To explain what the Earnings Credit Allowance is, let’s first describe what the Account Analysis System is and why it’s important to have this system implemented correctly. The Account Analysis System is your “billing system.” Your TM business customers should receive an itemized monthly statement listing all their service charges. This Account Analysis Statement should also show the customers their average collected balances and the Earnings Credit Allowance.

To make the billing system work, you set an Earnings Credit Rate that is applied to the customers’ average collected balances minus the reserve requirement. This is called the “investable balance.” This formula results in the Earnings Credit Allowance that customers can use to offset their service charges.

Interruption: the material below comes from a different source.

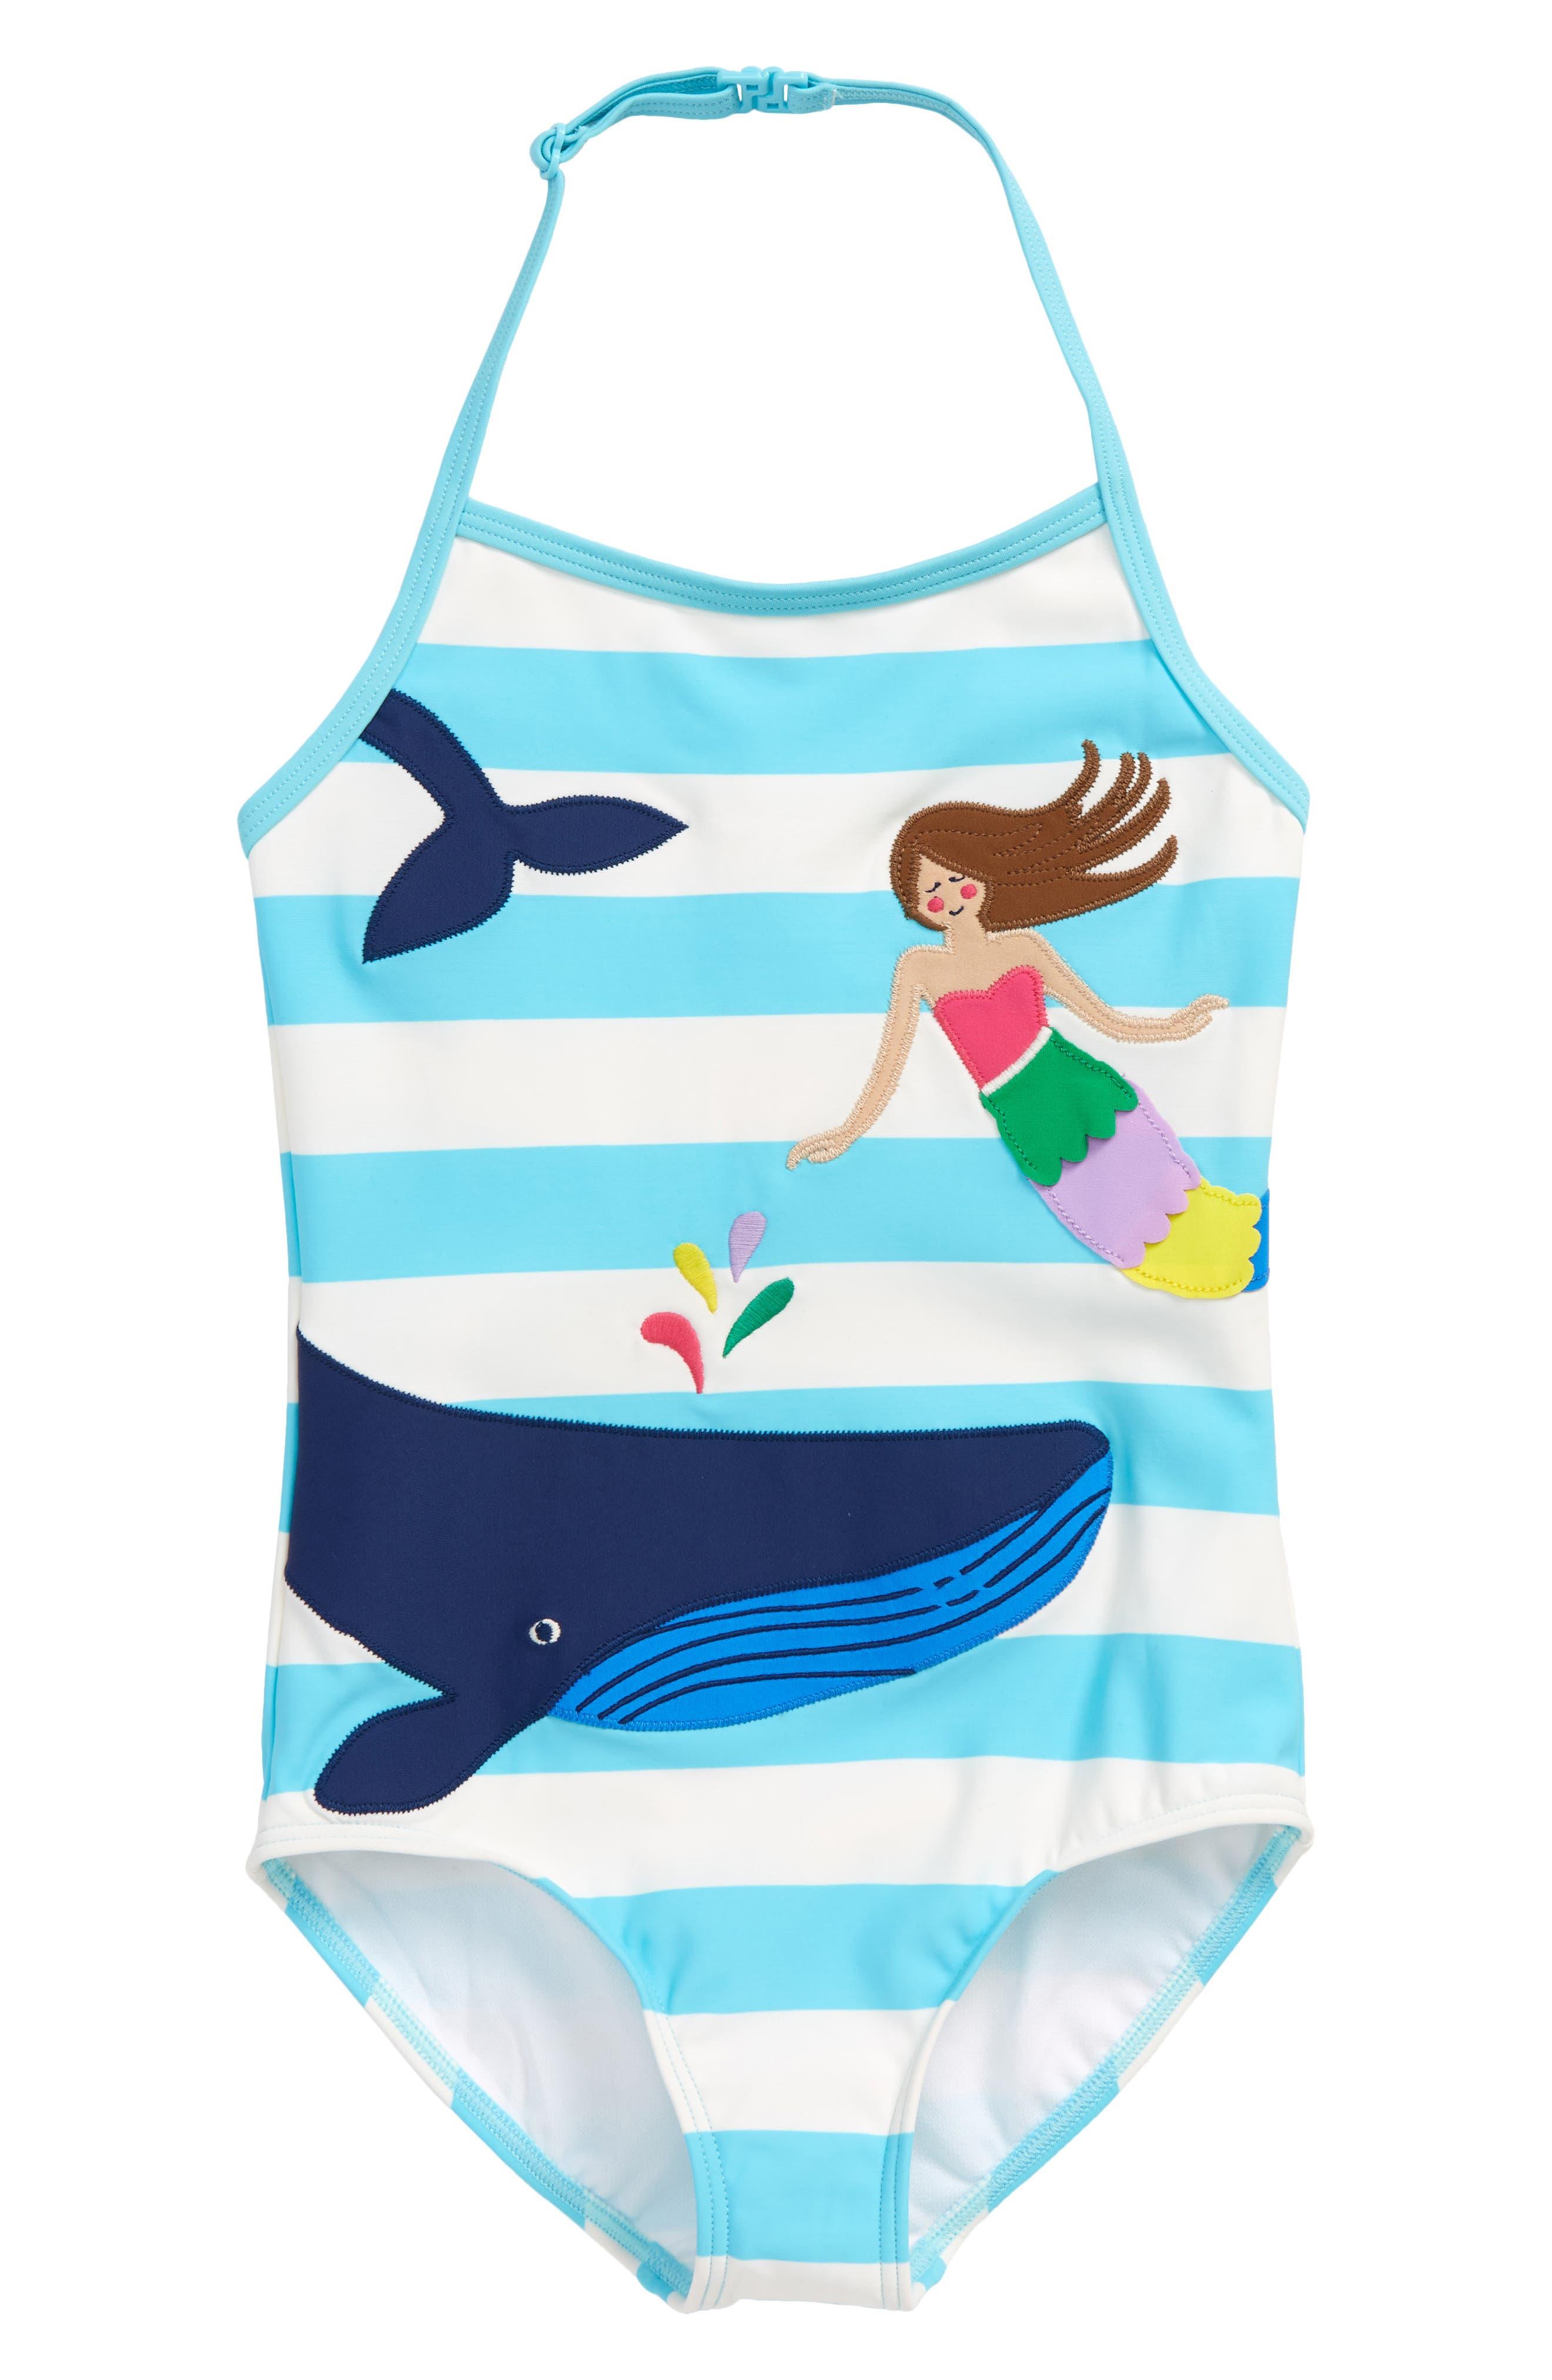 Custom Kids Swimsuit Toddler Swimwear Personalized Kids Swimsuit Custom Kids Dog Swimsuit Custom Kids Bathing Suit Custom Girl Swimsuit

What is the Treasury Management Fee Schedule?

The TM Fee Schedule is different than the business analyzed checking account activity fee schedule. The goal is to differentiate the account maintenance and activity fees from the TM services fees. It is also important to list only the “Analyzed” business checking account fees. You may have a brochure listing all the business checking and savings account types. However, it’s clearer for customers to see fees just for the business analyzed checking account that produces the Account Analysis Statement.

Key Components of Effective Treasury Management Fee Schedules

It’s a best practice to have one Fee Schedule document with two sections. The first section describes the account maintenance and activity fees. The second section contains the itemized list of TM services fees. We’ve typically seen these two schedules combined into a single document, with Business Analyzed Account Maintenance and Activity Fees on one side and Treasury Management Service Fees on the other.

Again, do not post this document on your public website, but make it freely available to your banking staff and customers.

Section 1: Business Analyzed Checking Account Fees. The name of the actual account varies based on what your institution chooses to call it.

  • Column 1: Type of service. In this section, you describe the types of services you offer for this checking account which includes maintenance fee. Examples are transaction fees, business online banking, paper statement fee, physical security token, stop payments, return items, coin/currency orders, etc.
  • Column 2: Description of service. Enter the type of service detail. For example, for transactions, enter if it’s a debit or credit transactions, on-us or non-on-us checks, or foreign checks.
  • Column 3: Fee. Enter the fee you charge for the service.
  • Column 4: Charge/Frequency. Enter how often you charge for this item. For example: the fee for each debit transaction is $.15 and it’s charged “per transaction.” The account maintenance is charged “monthly.”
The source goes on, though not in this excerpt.